Loyola Chorale gets ‘once in a life time’ opportunity to perform with Italian tenor


Courtesy of Ava Lipford

The stage is set for the Loyola Chorale to perform alongside Andrea Bocelli on Feb. 11. This was a once in a lifetime opportunity for the choir.

Macie Batson, Editor in Chief

“Nothing could really prepare me for being that close to one of the greatest tenors of all time,” said Loyola senior Ava Lipford. “It was a once-in-a-lifetime opportunity.”

Lipford, like many others in the Loyola Chorale, performed in a 60-person ensemble alongside famous Italian tenor Andrea Bocelli early last month.

The opportunity resulted from the Director of Choral Activities, and her connection with the Louisiana Philharmonic Orchestra. Frazier said that she and her local choir, NOVA Chorale, have been playing with the Louisiana Philharmonic Orchestra for years and that when Bocelli’s management contacted the LPO for recommendations, they suggested her. As the choral contractor, Frazier felt confident about hiring the students as part of the choir.

“I have been so impressed with the professionalism and work ethic of my students,” Frazier said. “I love to hire them for gigs because I can count on them to be prepared and reliable—and it’s so much fun making music together with them.”

It’s always good when students can see the jobs they may be hired to do, Frazier said, from her part as the contractor to the students as the backup choir to the crew and other performers in the show.

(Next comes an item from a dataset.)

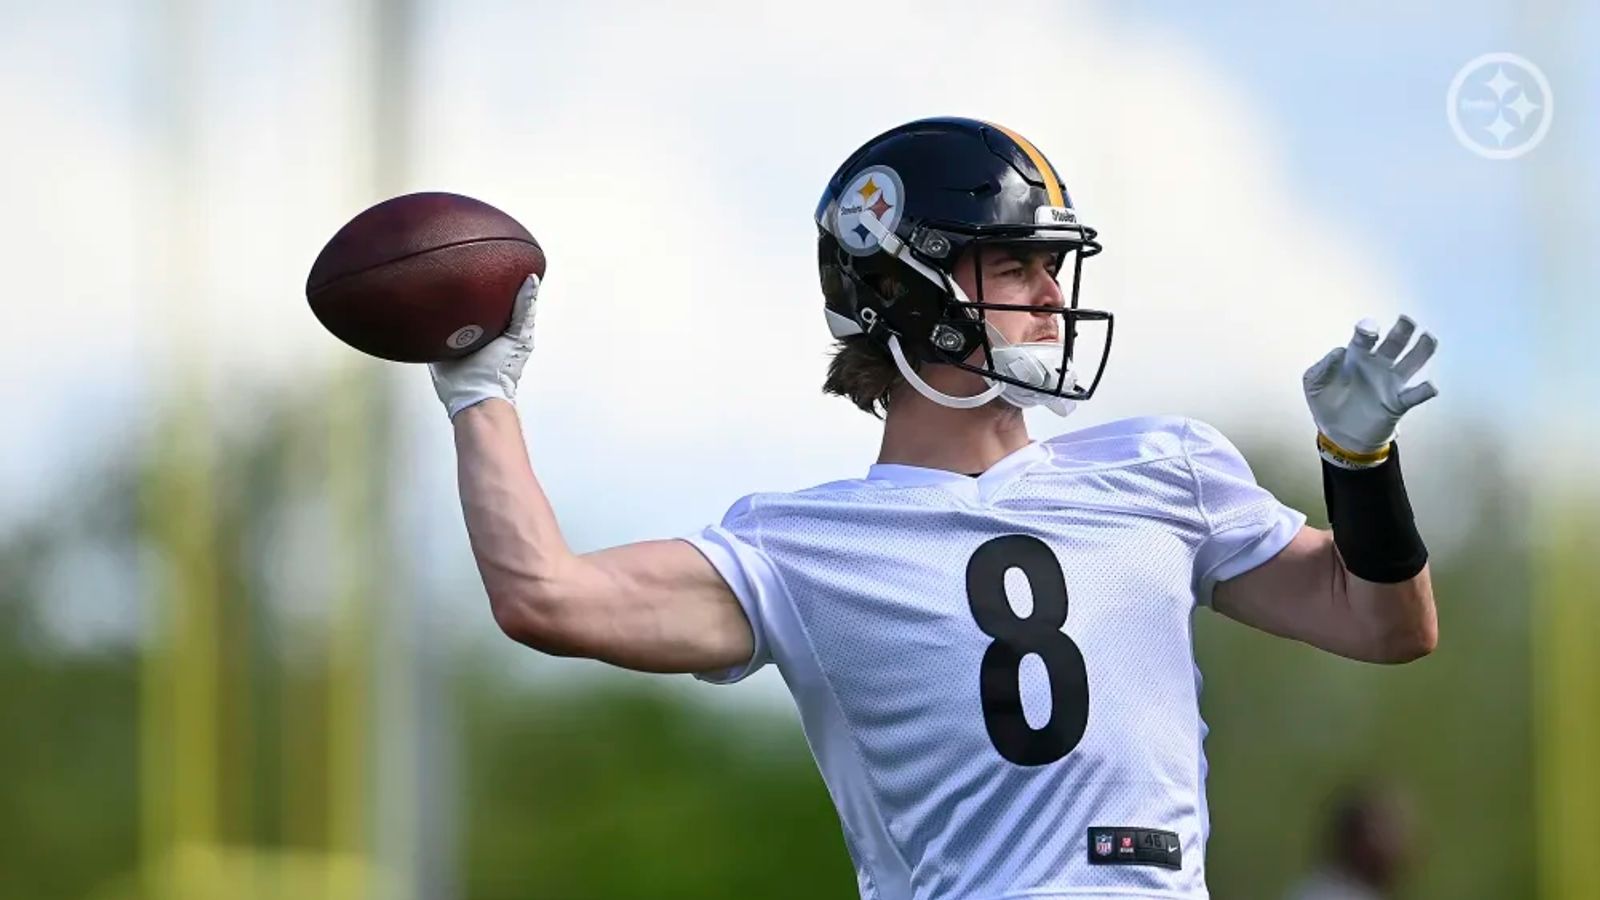 Joe Burrow 'good to go' for Steelers; talks about hanging out with

Lipford said that, aside from performing, the most memorable part of the process was telling their family about it.

“My grandma and my great aunt both love Bocelli. And so being able to call them and be like, you know, I’m going to be performing in his accompanying choir was very awesome,” they said.

Lipford also said that their mother was able to secure a ticket and fly in at the last minute to see it happen, so having her there was a real treat for them.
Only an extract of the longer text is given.